> AIM OF THE TASK: Would you return the listing exactly as written, apart from its pictures?

> SUPPLIED INFORMATION:
-- Opening Marker --

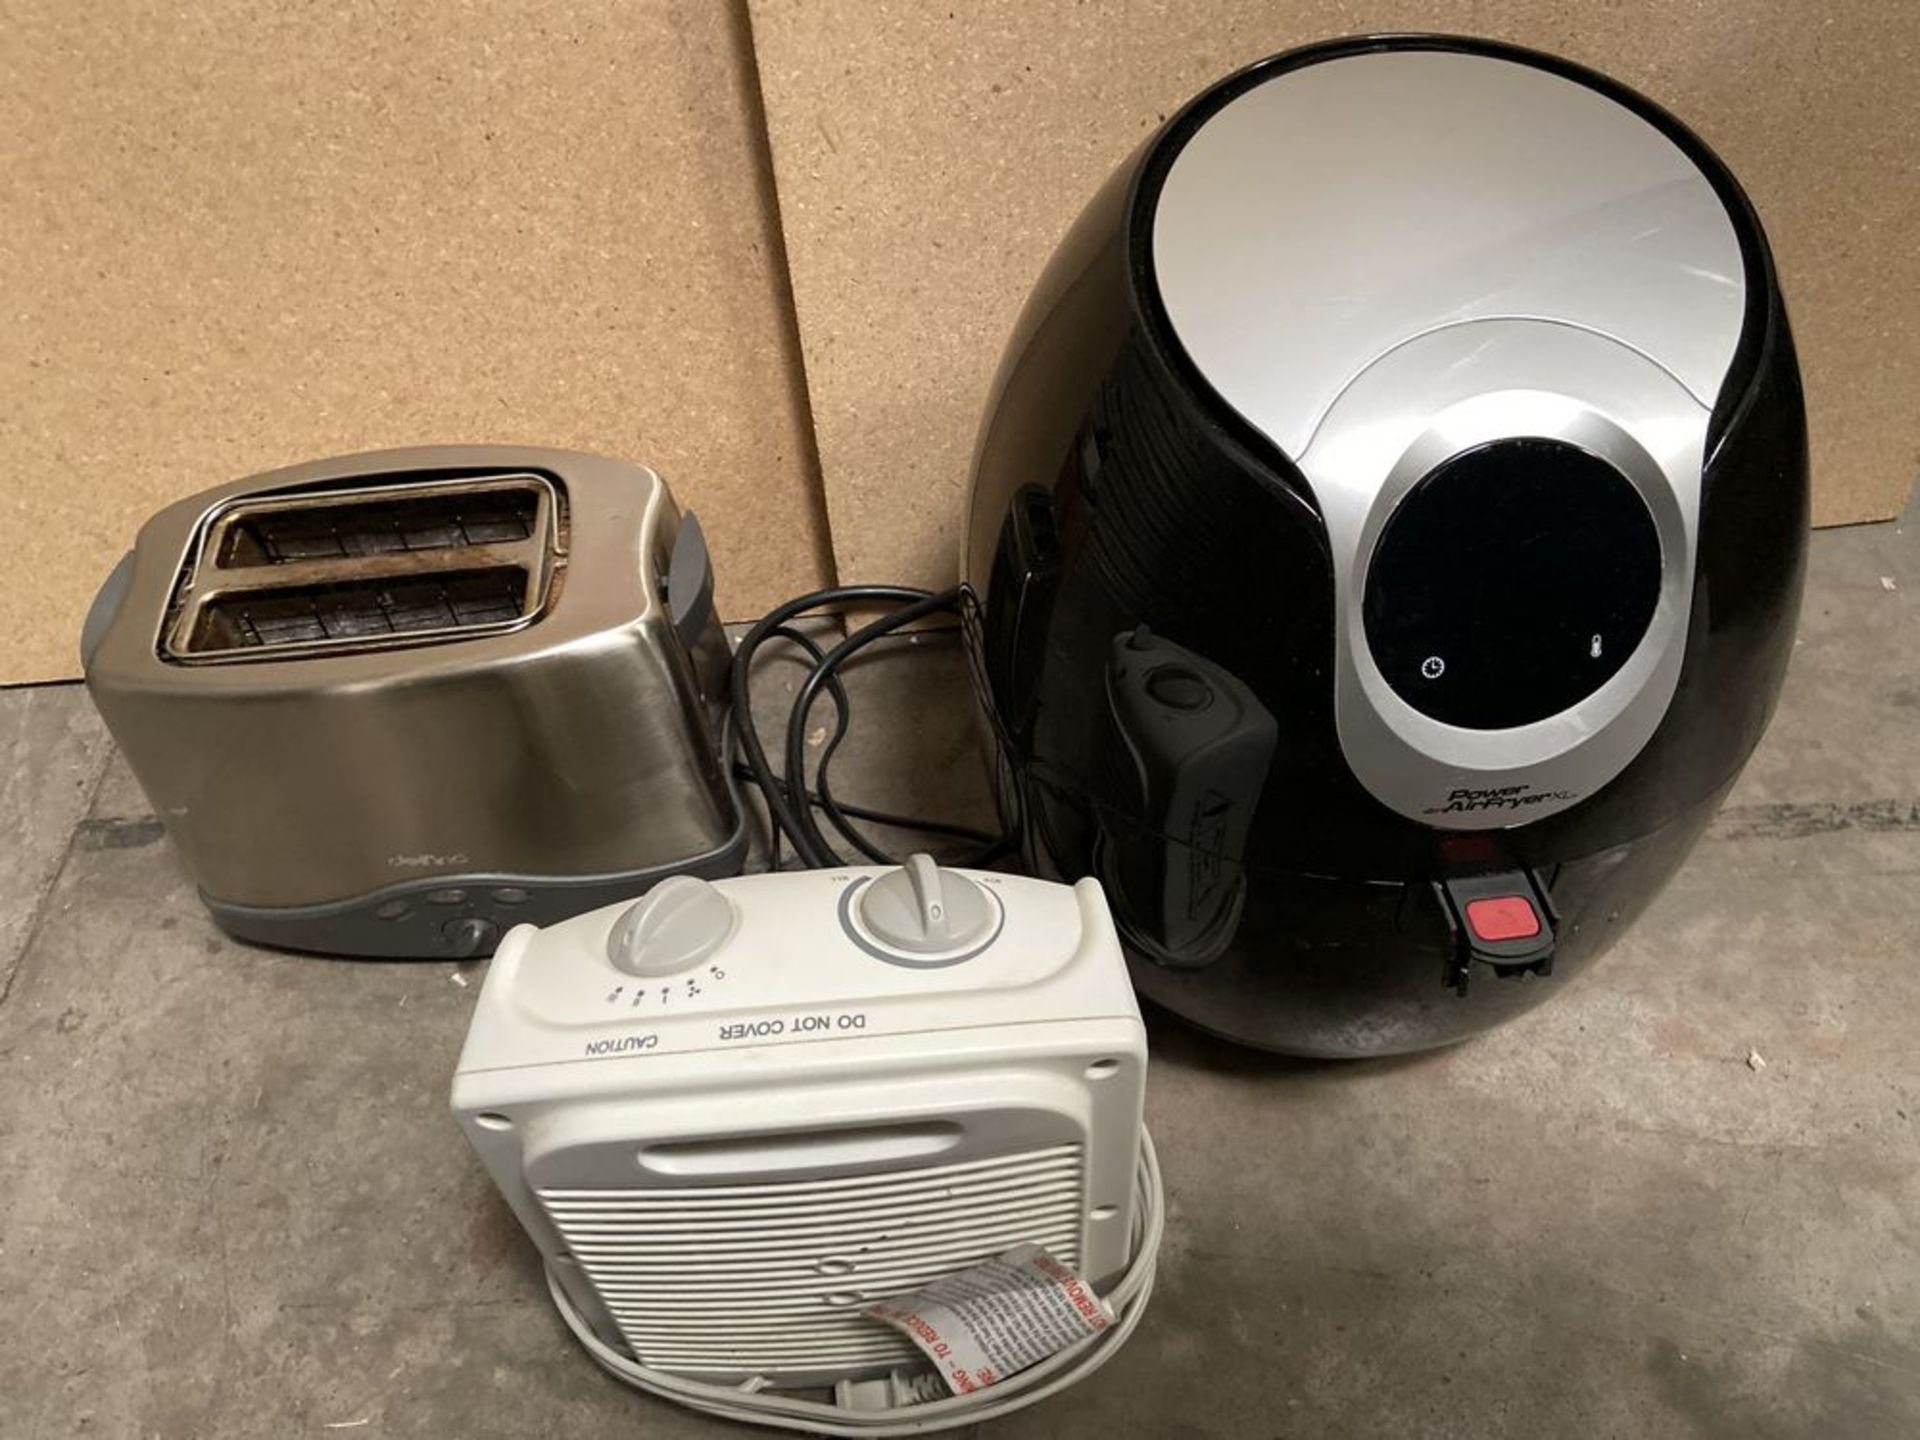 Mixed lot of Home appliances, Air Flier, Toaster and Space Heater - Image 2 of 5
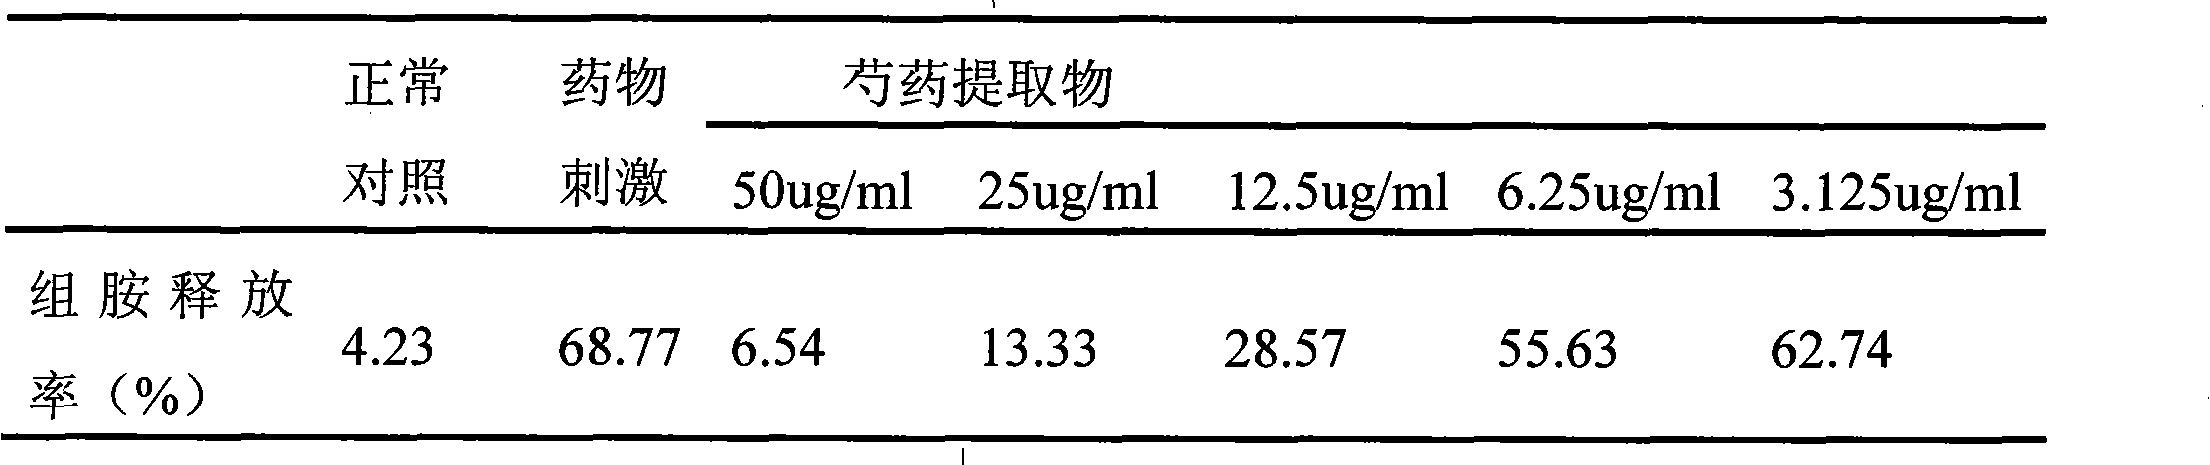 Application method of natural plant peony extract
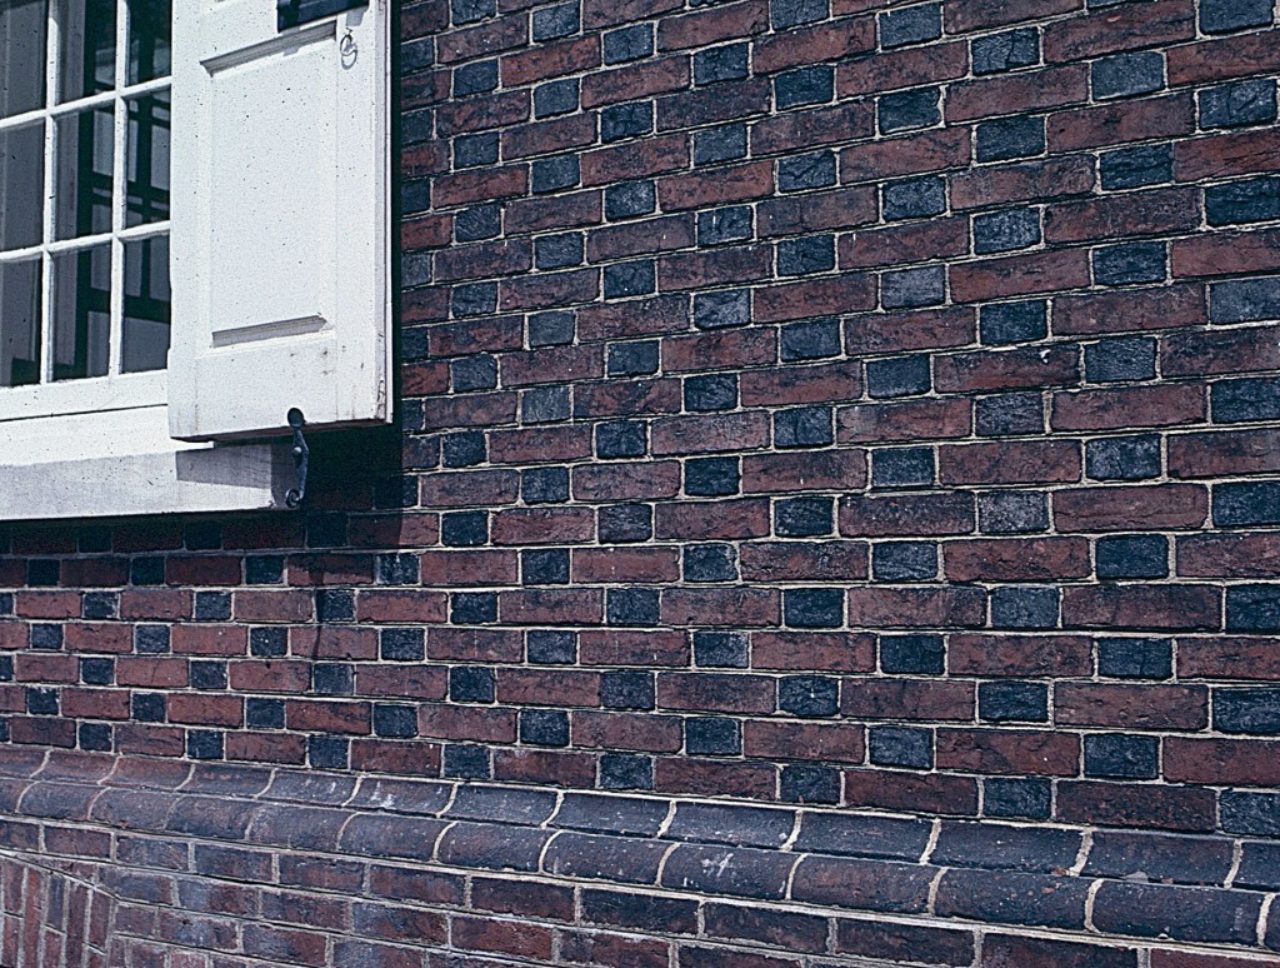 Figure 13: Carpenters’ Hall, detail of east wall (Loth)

-- Closing Marker --

> SOLUTION TO THIS PROBLEM:
 Mixed lot of Home appliances, Air Flier, Toaster and Space Heater - Image 2 of 5
 Application method of natural plant peony extract
 Figure 13: Carpenters’ Hall, detail of east wall (Loth)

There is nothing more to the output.